Seler i marchewkę ścieramy na tarce o drobnych oczkach. Czosnek siekamy drobno, a cebule kroimy drobno w kostkę. Na patelni albo w rondlu rozpuszczamy masło i oliwę. Cebulę, seler naciowy i marchewkę szklimy na roztopionym maśle. Smażymy chwile, dodajmy liść laurowy oraz mięso mielone i czosnek. Wszystko razem podsmażamy, aż mięso przestanie być różowe. Dodajemy sol, pieprz do smaku. Podlewamy winem, zmniejszamy ogień i dusimy aż płyn lekko odparuje. Wlewamy przecier pomidorowy lub sos pomidorowy oraz bulion. Doprawiamy tymiankiem i oregano. Przykrywamy i dusimy sos na wolnym ogniu ok 60 minut. Sekretem tej potrawy jest długie, powolne gotowanie, by smaki się połączyły. Jeśli zauważymy, że w trakcie gotowania sosu jest za mało dodać więcej bulionu lub wina lub trochę wody.

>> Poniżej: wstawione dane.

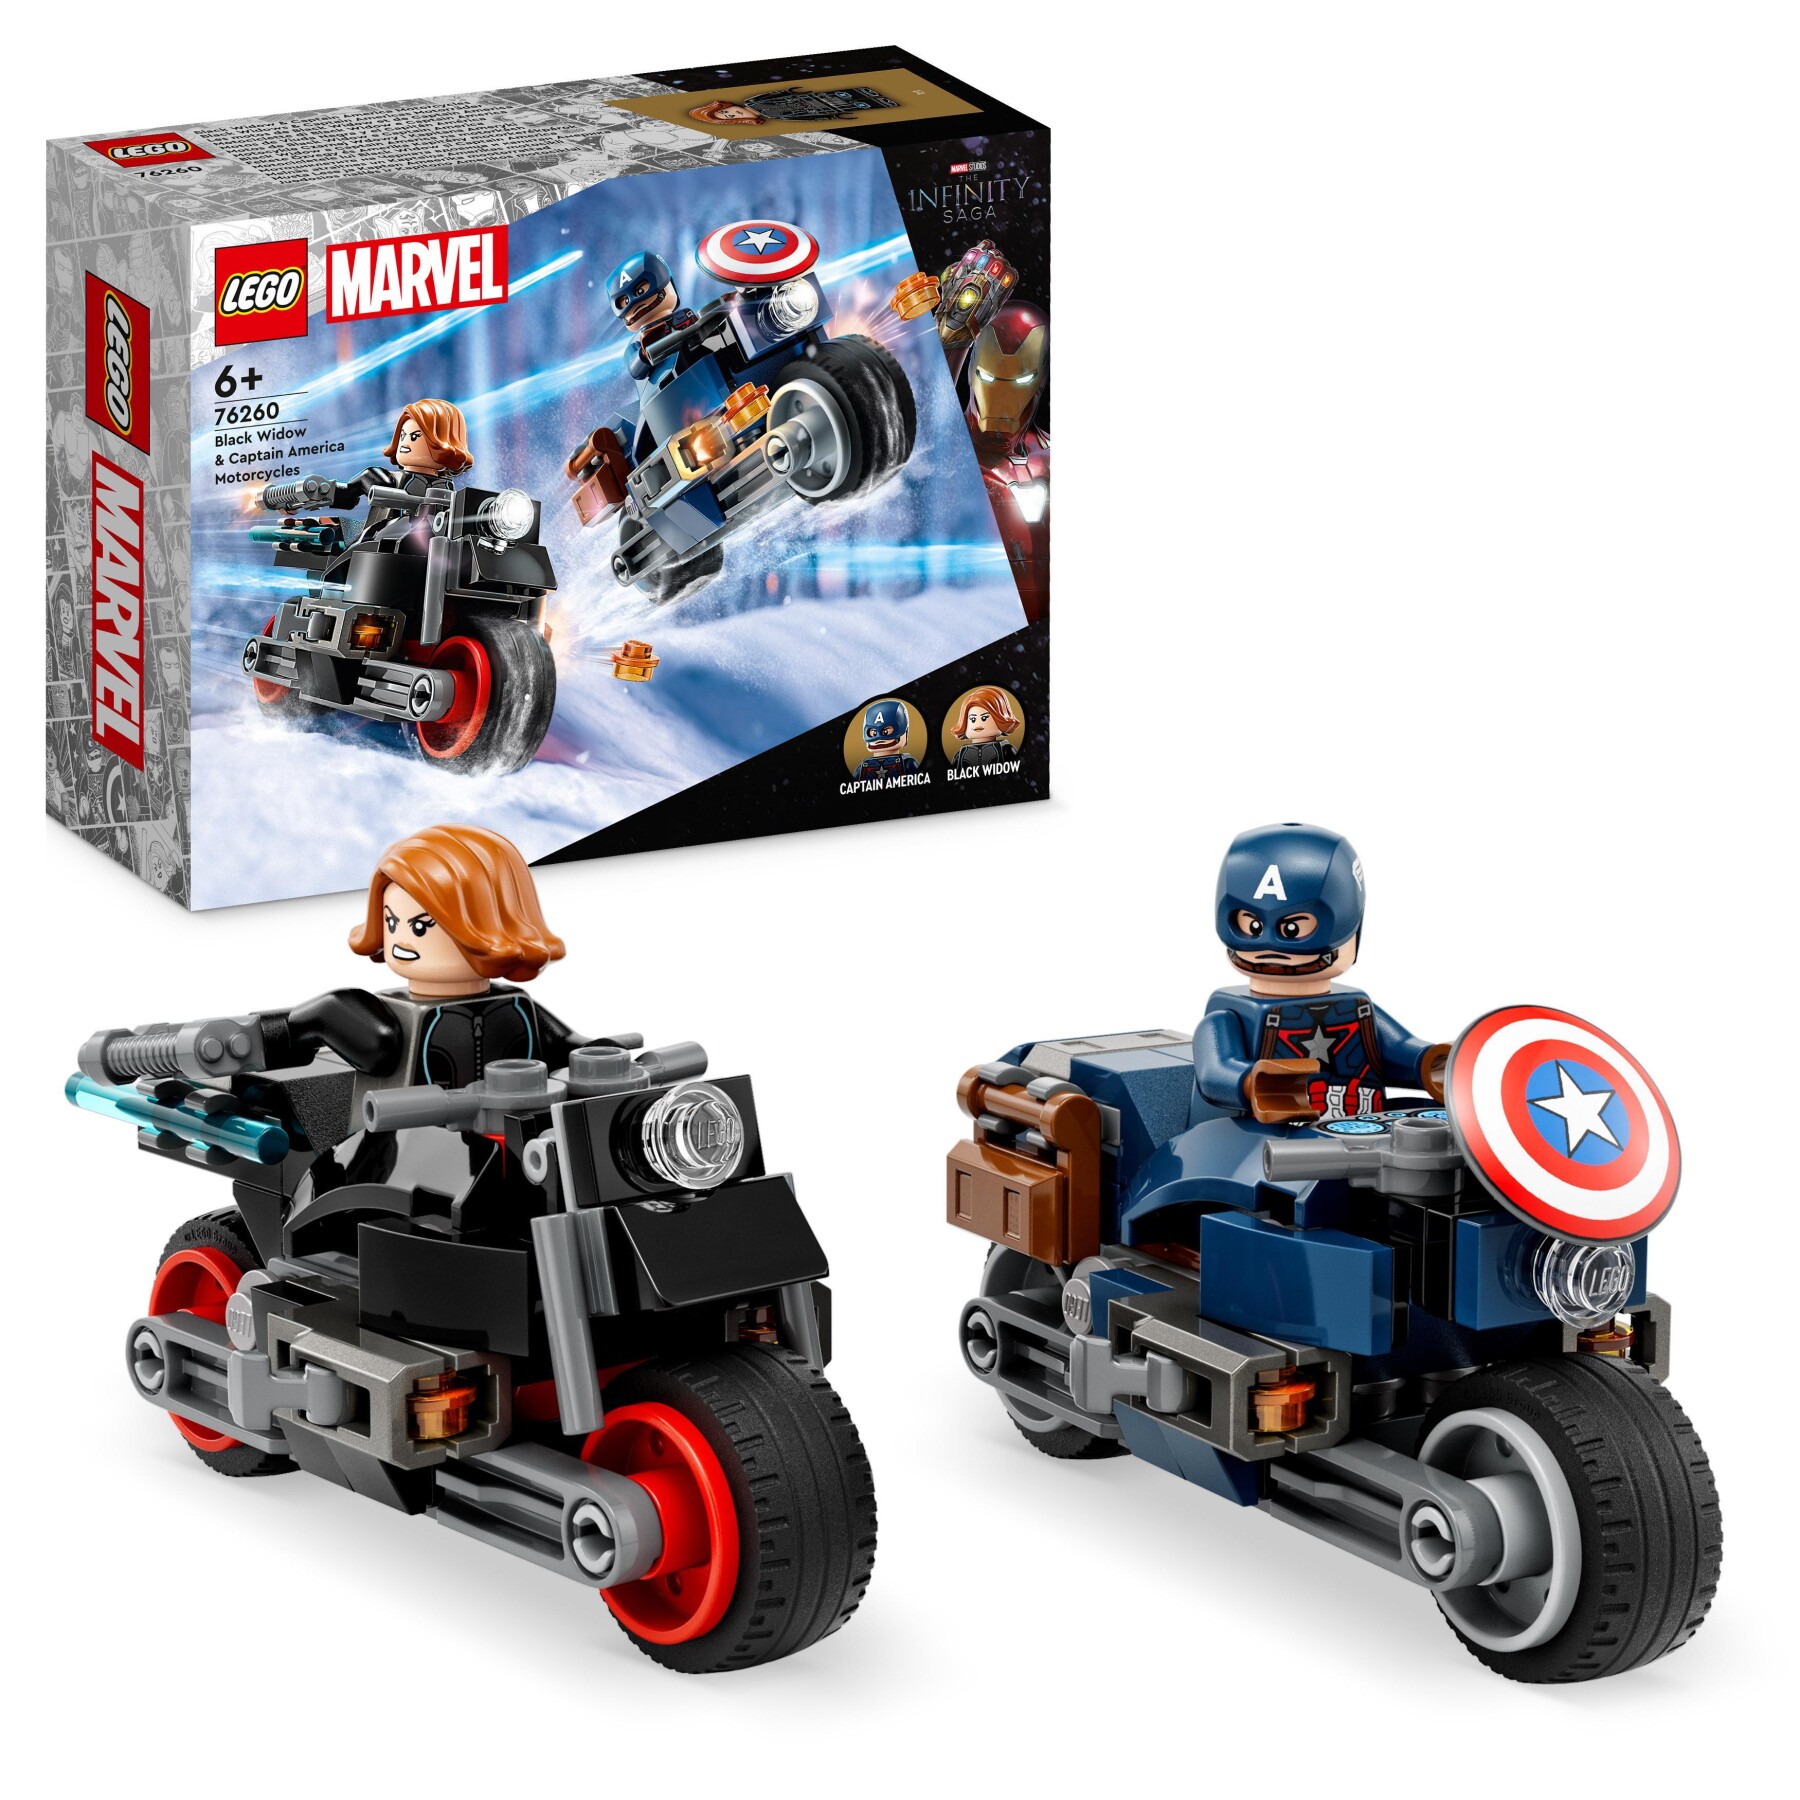 Lego marvel 76260 motociclette di black widow e captain america, set avengers age of ultron con 2 supereroi e moto giocattolo - LEGO SUPER HEROES, Avengers

W trakcie gotowania sosu ugotować al dente w osolonej wodzie makaron spaghetti. Odcedzić i zostawić w garnku pod przykryciem.
Z sosu wyjąć liść laurowy. Gotowy sos doprawić do smaku, opcjonalnie dodać śmietanę i wymieszać. Sos wlać do makaronu, wymieszać. Na talerzu porcje makaronu z sosem posypać startym parmezanem. 


3 komentarze:

  1. racja, to mój ukochany makaron:D ale pysznie wyglądające to twoje spaghetti:D mam na niego chrapkę!
    Wszystkiego Najlepszego w Nowym Roku!

    OdpowiedzUsuń
  2. Ja bez makaronu nie mogę żyć. Teraz u mnie w kuchni unosi się zapach czosnku, cebuli i pomidorów, czekam na resztę domowników i będziemy pałaszować mój pierwszy domowy makaron z sosem pomidorowym ;-D Kiedyś zrobiłam podobny do tego tutaj, ale z pulpecikami, a do tego chłodne białe wino, było pysznie!

    OdpowiedzUsuń
  3. Ja akurat najbardziej lubię carbonarę. Choć dobrym ragu nie pogardzę.
    Ale powiem Ci, że kilkakrotnie jadłam we Włoszech spaghetti z sosem bolońskim, więc jednak się jada - danie było wybierane z karty ;-) Kuchnia włoska jest tak różnorodna, że w różnych regionach można spotkać przedziwne połączenia. My z czegoś próbujemy zrobić klasykę, a Włosi się z tego śmieją. Tak jak z carbonarą - u nas często robiona jest ze śmietaną, a we Włoszech nie spotkałam (choć nie mówię, że nie ma - ja po prostu nigdzie takiej nie jadłam). Właśnie czytam fajną książkę o kuchni włoskiej i uśmiecham się pod nosem - właśnie z tej naszej jedynej prawdy objawionej, że kuchnia włoska to pewne zasady... a tak naprawdę guzik prawda - w kuchni włoskiej zasad jest niewiele. Za to jest fantazja, wyobraźnie, cudowne łączenie składników i wykorzystanie świeżych produktów.